Вот окончилась вечерняя молитва. Начали закрываться лавки. Квартал затих, Ибрахим скрючился и закрыл глаза. «Божьи люди» улеглись в постели, кроме одного, стучавшего по земле своим деревянным мечом, выкрикивая: «Объединяйтесь!» Это был шейх Ахмад, возвращающийся из очередного похода…

Такова была жизнь Ибрахима Акба пятнадцать лет назад. Я не думаю, что стоит описывать ее печали и радости день за днем. Я мысленно перешагну через десять лет — большой срок в жизни человека.

Мы не будем пытаться разыскивать Ибрахима Акба в квартале аль-Мида. Место его теперь пусто.

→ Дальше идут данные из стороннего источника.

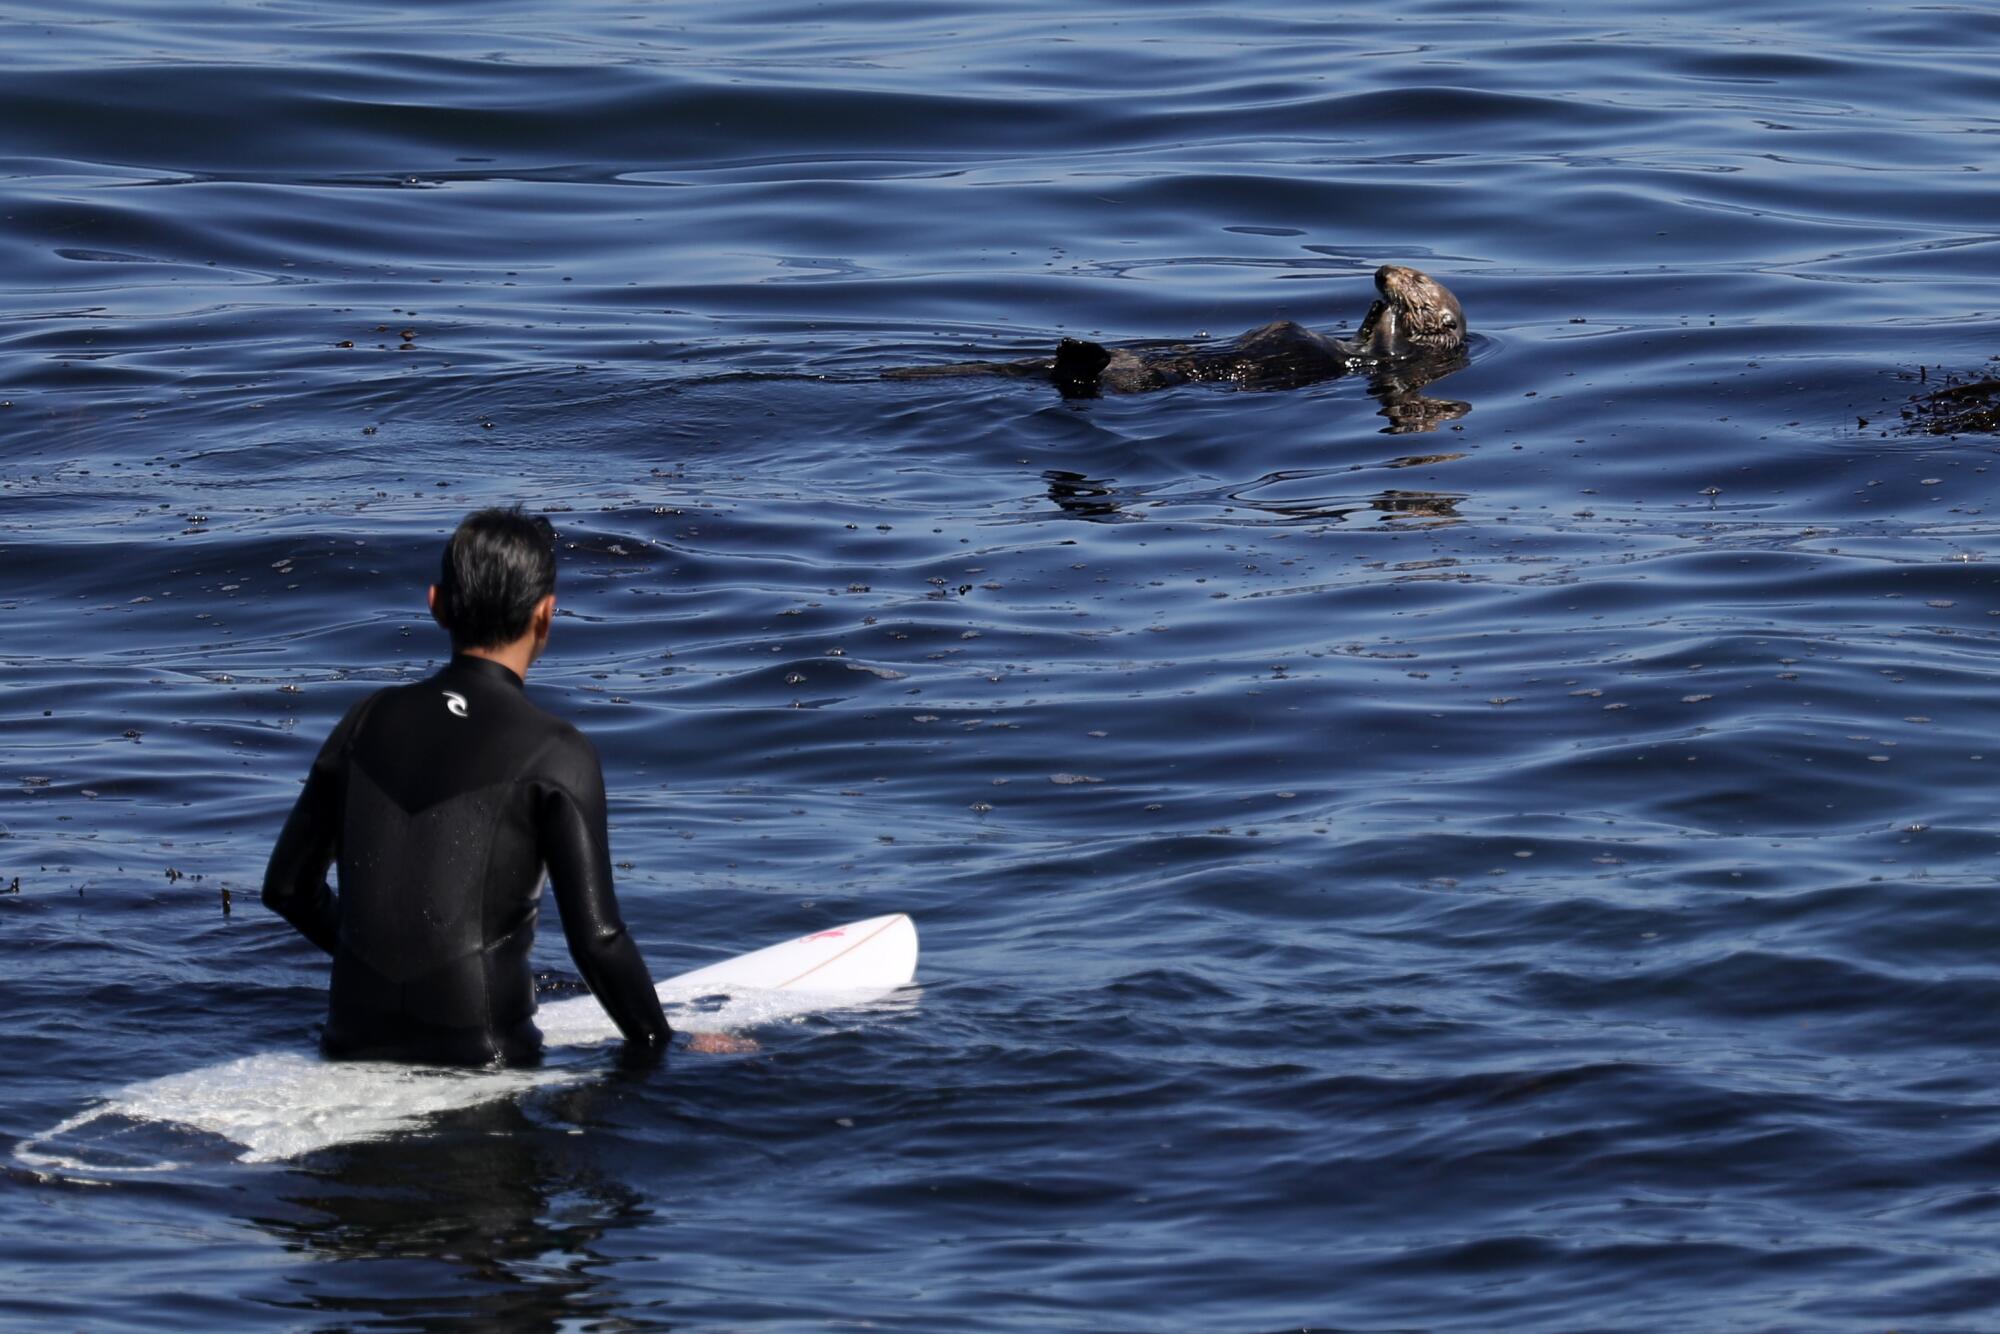 A man in a dark wet suit on a surfboard looks at an otter floating on its back
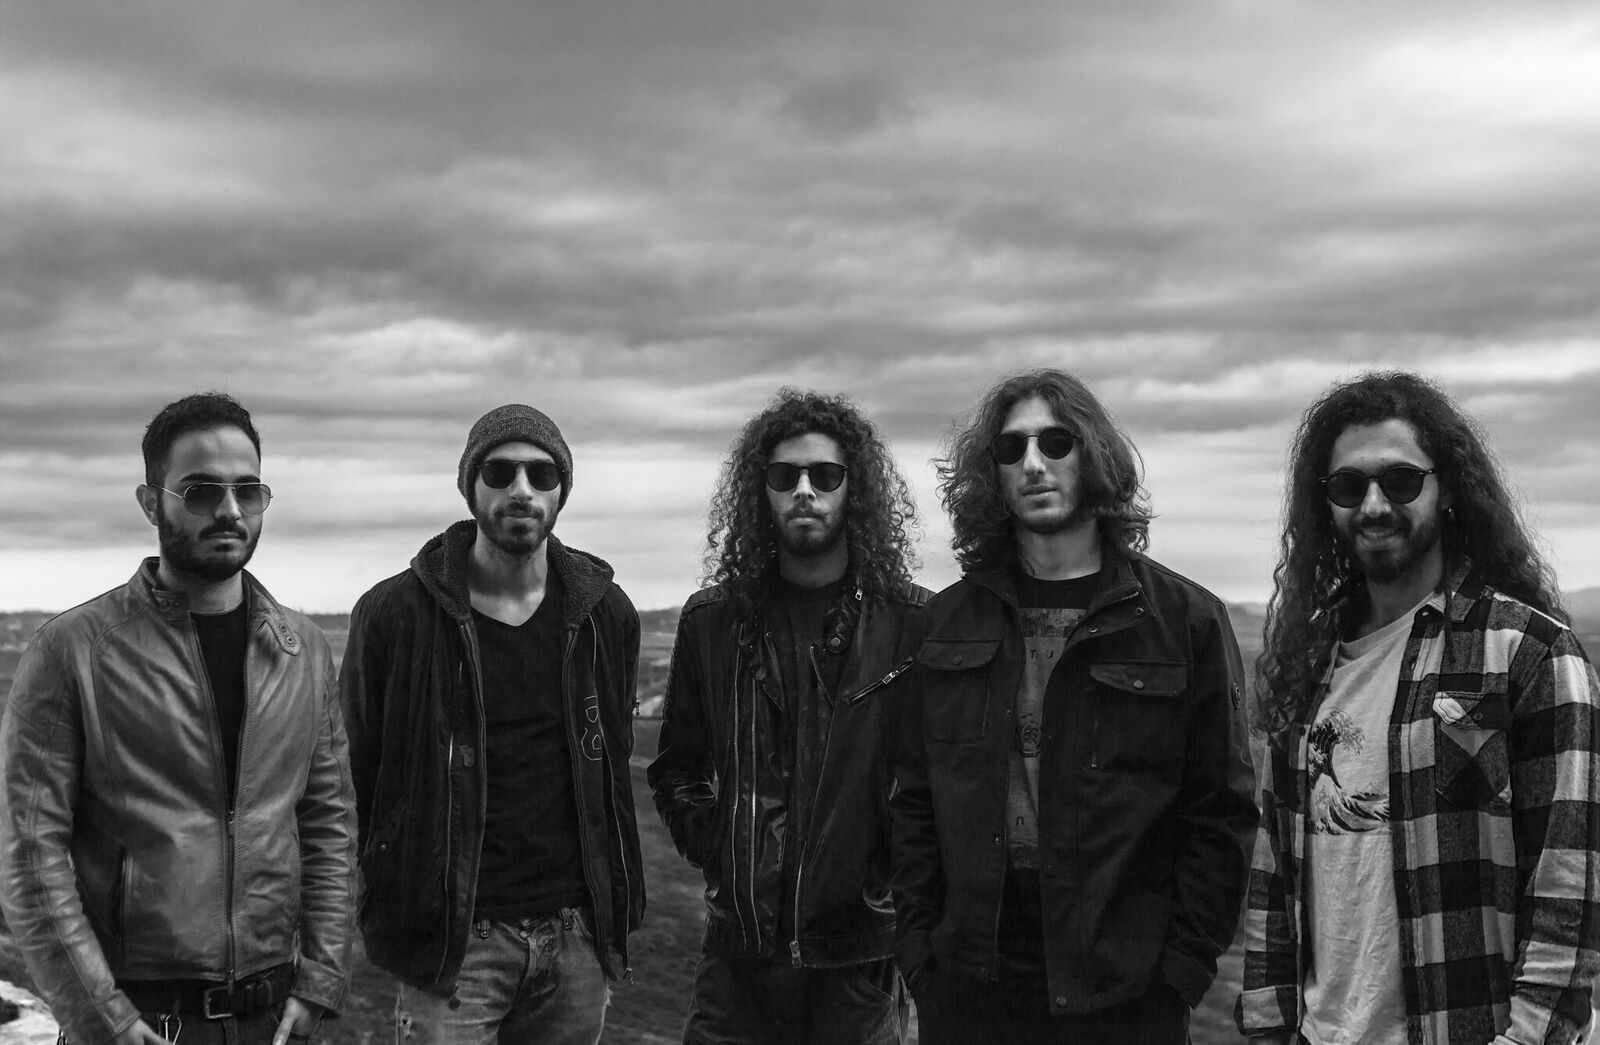 The Cypriot Heavy Rockers Stonus are releasing a new album

И никто из жителей аль-Мида не знает о нем ничего, он исчез из поля зрения. Только верный Дакдак продолжал следовать за ним.

Теперь мы находим Ибрахима в его кабинете в Насырийе. Внешний облик его стал совсем иным. Черную ермолку заменила бело-красная чалма. На нем великолепный шелковый кафтан и джубба[11] из дорогого сукна. Он богат и счастлив.